Write requests fail with: FORBIDDEN/12/index read-only / allow delete (api)
Cluster health status is red. Run GET /_cat/nodes?v to check whether nodes have rejoined the cluster. Run GET /_cat/allocation?v to check shard allocation.

Note
Red cluster health means primary shards are unavailable. Data may be at risk.
Kibana returns internal server error when creating ingest pipelines or enrolling Beats
Cluster or Kibana monitoring shows disk usage approaching 100%

Root cause

Disk usage thresholds

Elasticsearch monitors disk usage continuously and enforces three watermark thresholds:

85% — low watermark: Elasticsearch stops allocating new shards to this node.
90% — high watermark: Elasticsearch relocates existing shards to nodes with more free disk space.
95% — flood stage: Elasticsearch sets the read_only_allow_delete attribute on all indexes, blocking all write operations.

In addition to disk watermark thresholds, the following conditions may also cause write failures or alerts. Investigate these causes together:

Shard count limit reached

By default, each data node in an Elasticsearch cluster supports up to 1,000 shards. You can verify the current limit by running GET /_cluster/settings?include_defaults=true&flat_settings=true and checking the cluster.max_shards_per_node parameter. When the shard count exceeds the limit, Logstash cannot write logs and new indexes cannot be created.

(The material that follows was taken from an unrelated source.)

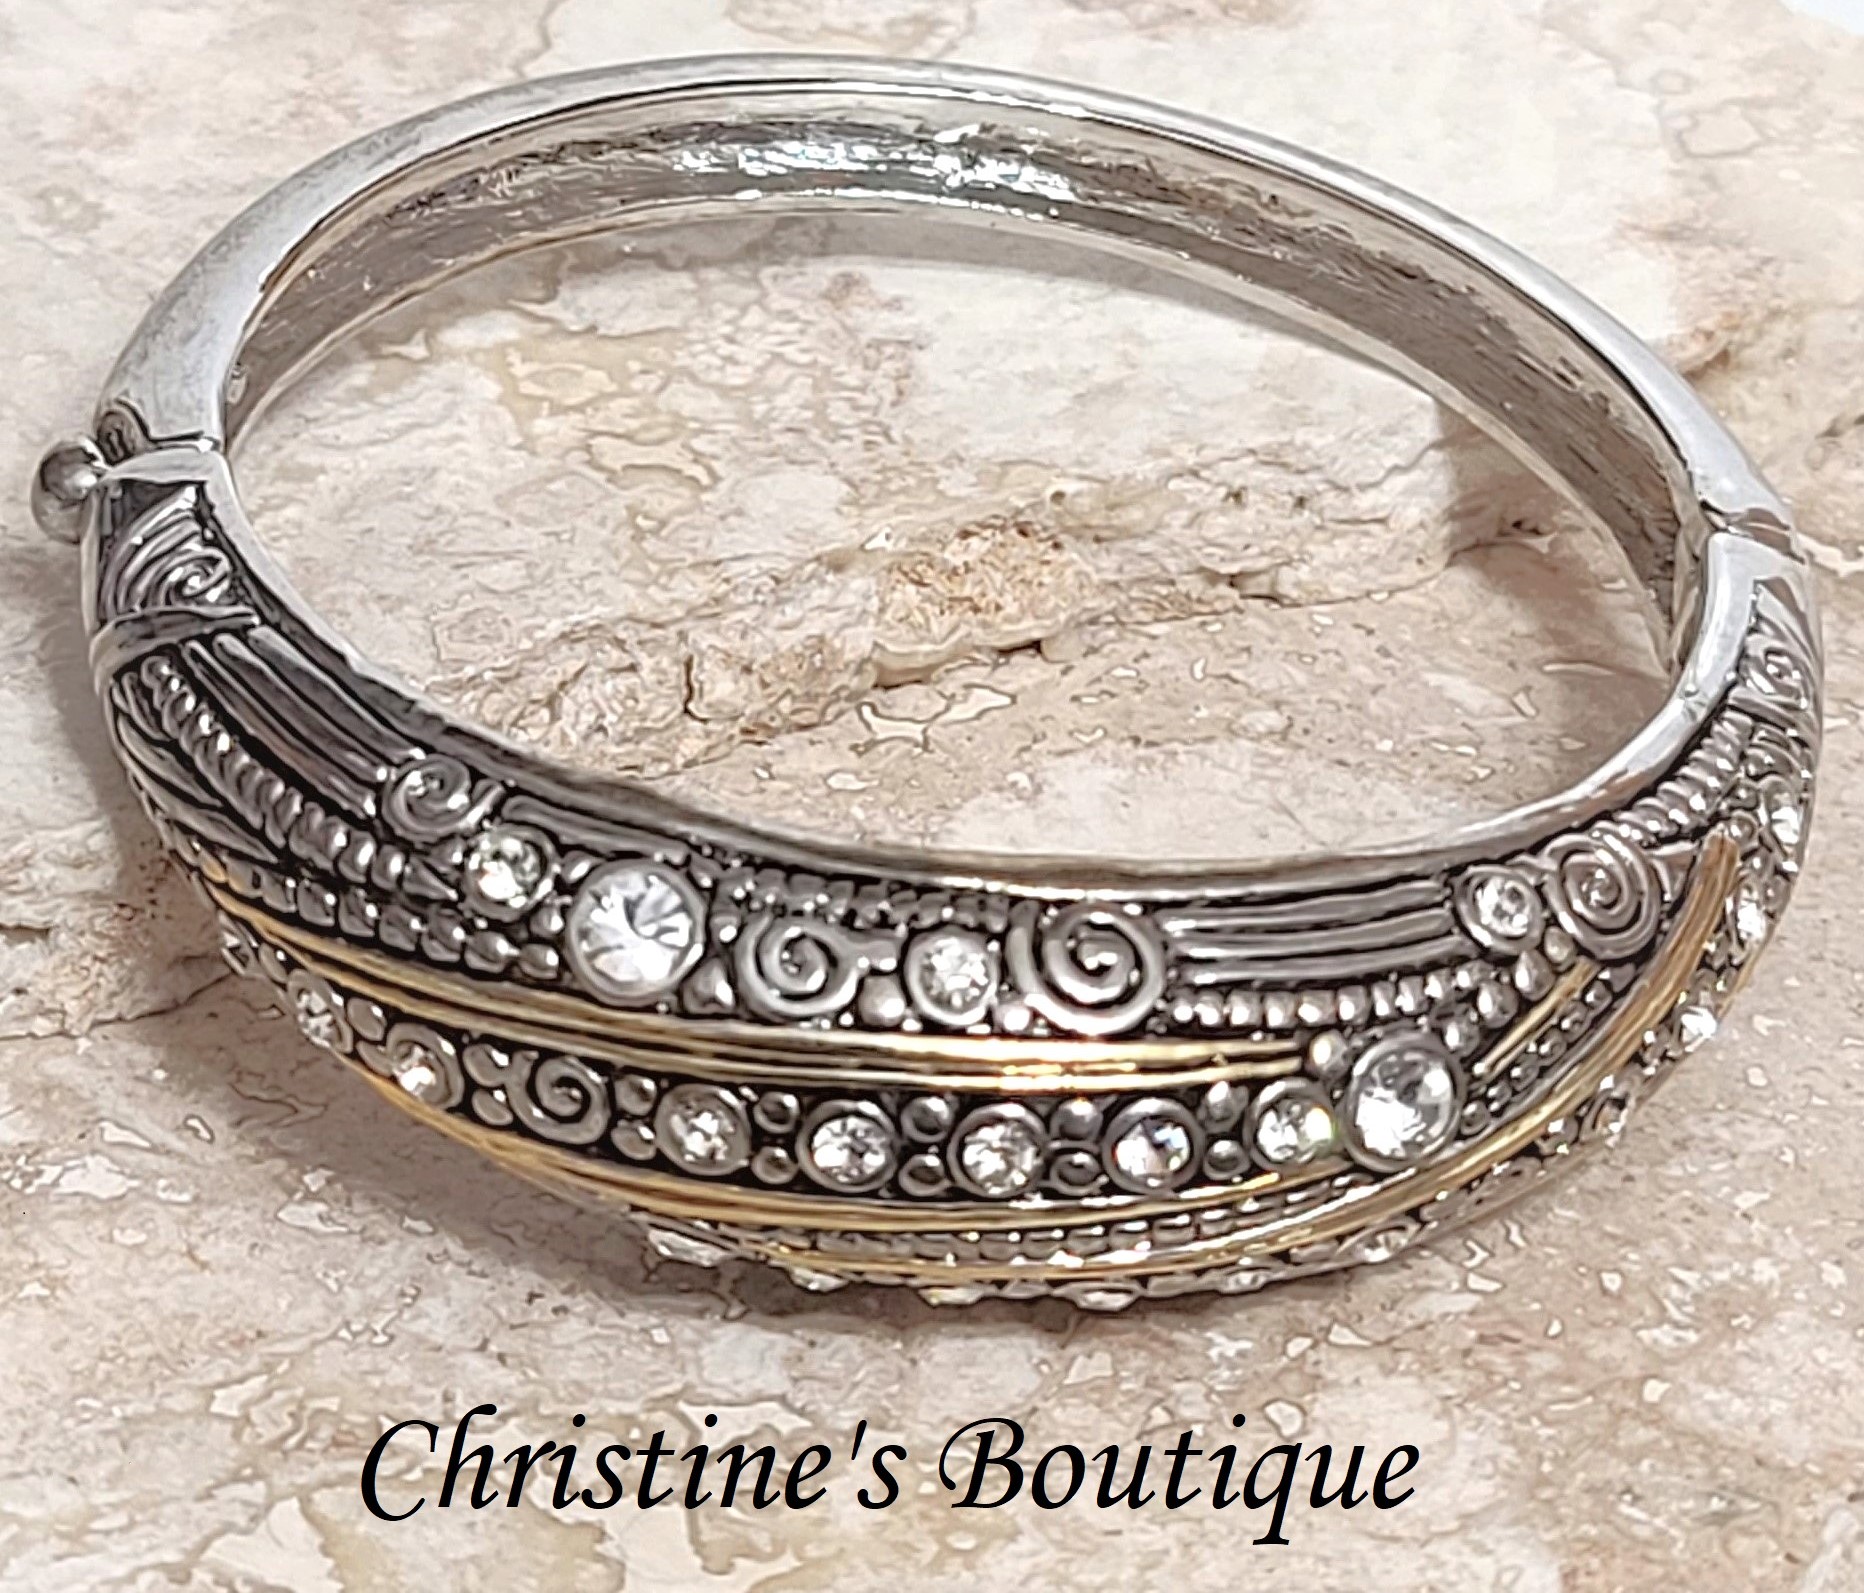 Rhinestone bangle bracelet, two tone gold and silver fashion bracelet - Click Image to Close
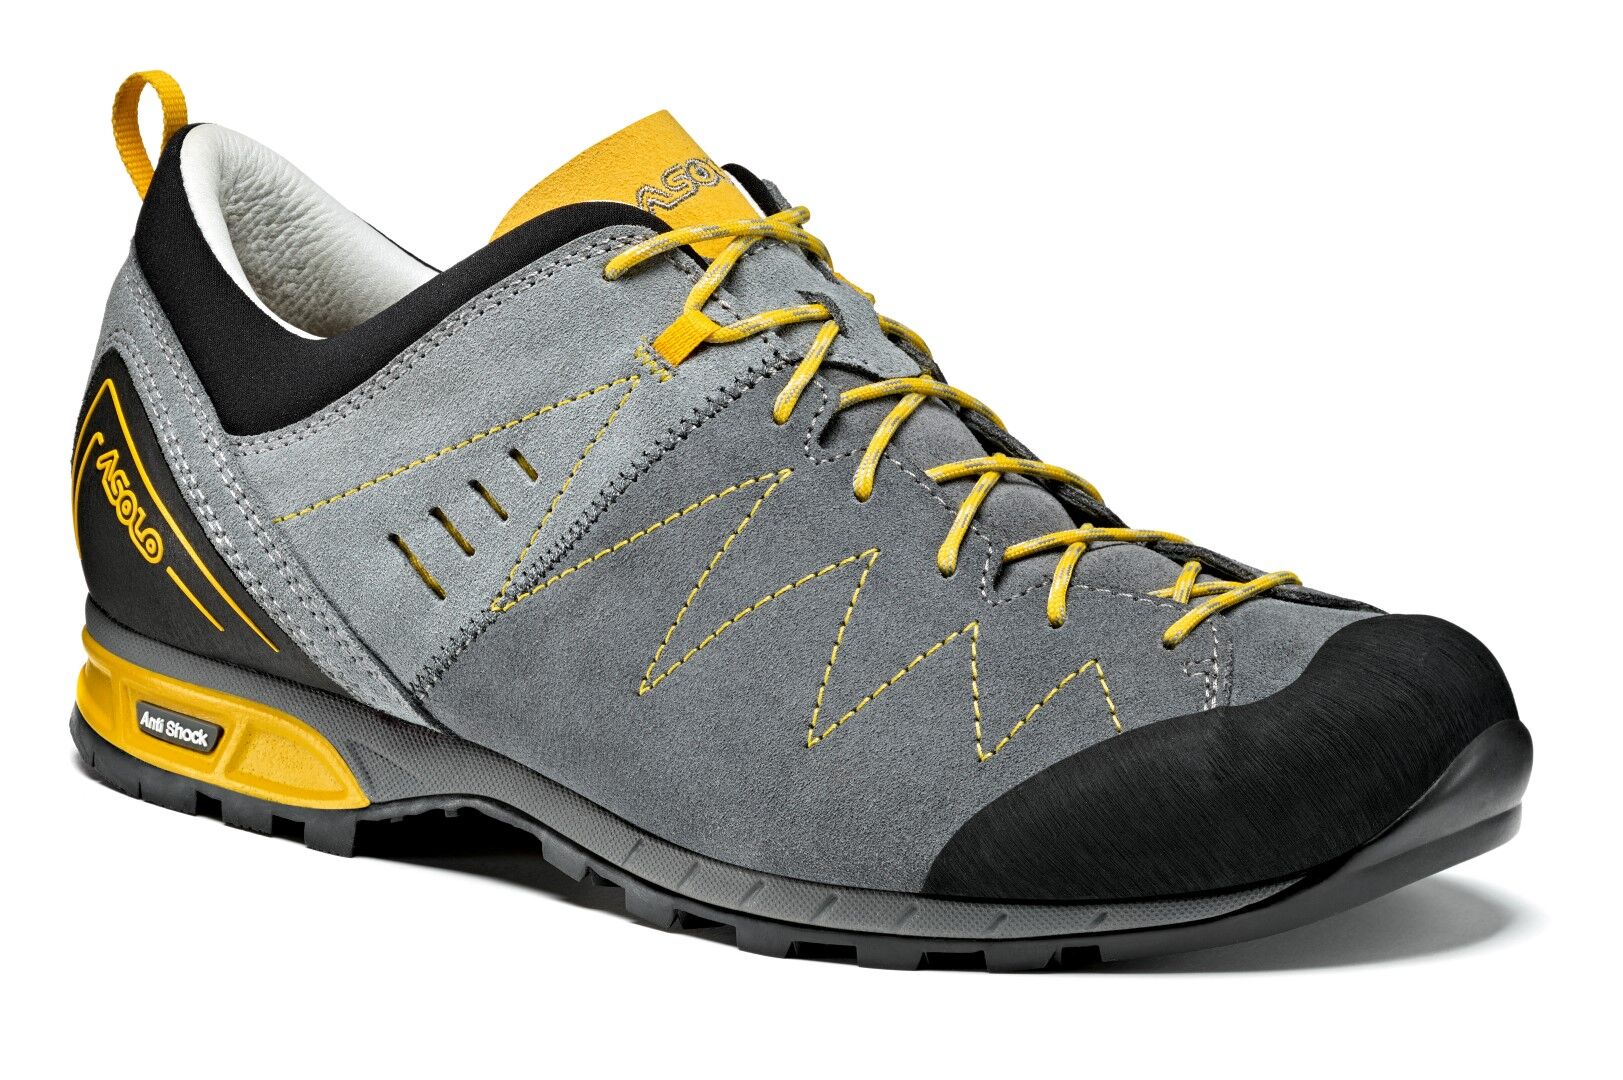 Asolo Track - Approach shoes - Men's

As a temporary workaround, run the following command to increase the shard limit:

PUT /_cluster/settings
{
  "transient": {
    "cluster": {
      "max_shards_per_node": 2000
    }
  }
}

Note

Make sure to add a space after PUT in the command.

For a long-term solution, clean up expired or unused indexes, or add more data nodes to the cluster.

System index lifecycle policies

If disk usage fluctuates frequently but no custom Index Lifecycle Management (ILM) policies are configured, the fluctuation may be caused by the default lifecycle policies of system indexes, such as .monitoring-es-* and .monitoring-kibana-*. These indexes are automatically created daily, and old indexes are automatically deleted. This is normal behavior.

Resource correlation impact

High disk usage may be accompanied by high JVM memory usage (for example, reaching 90%) and node anomalies, which may prevent Kibana from connecting. In this case, scale up both disk capacity and memory resources. If the cluster is unhealthy, enable forced changes during the configuration upgrade. Perform the operation during off-peak business hours to avoid service disruption caused by node restarts.

Quick fix (10–15 minutes)

Delete old or unused indexes to free disk space.

Warning
Deleted data cannot be restored. To preserve data, consider increasing storage capacity instead.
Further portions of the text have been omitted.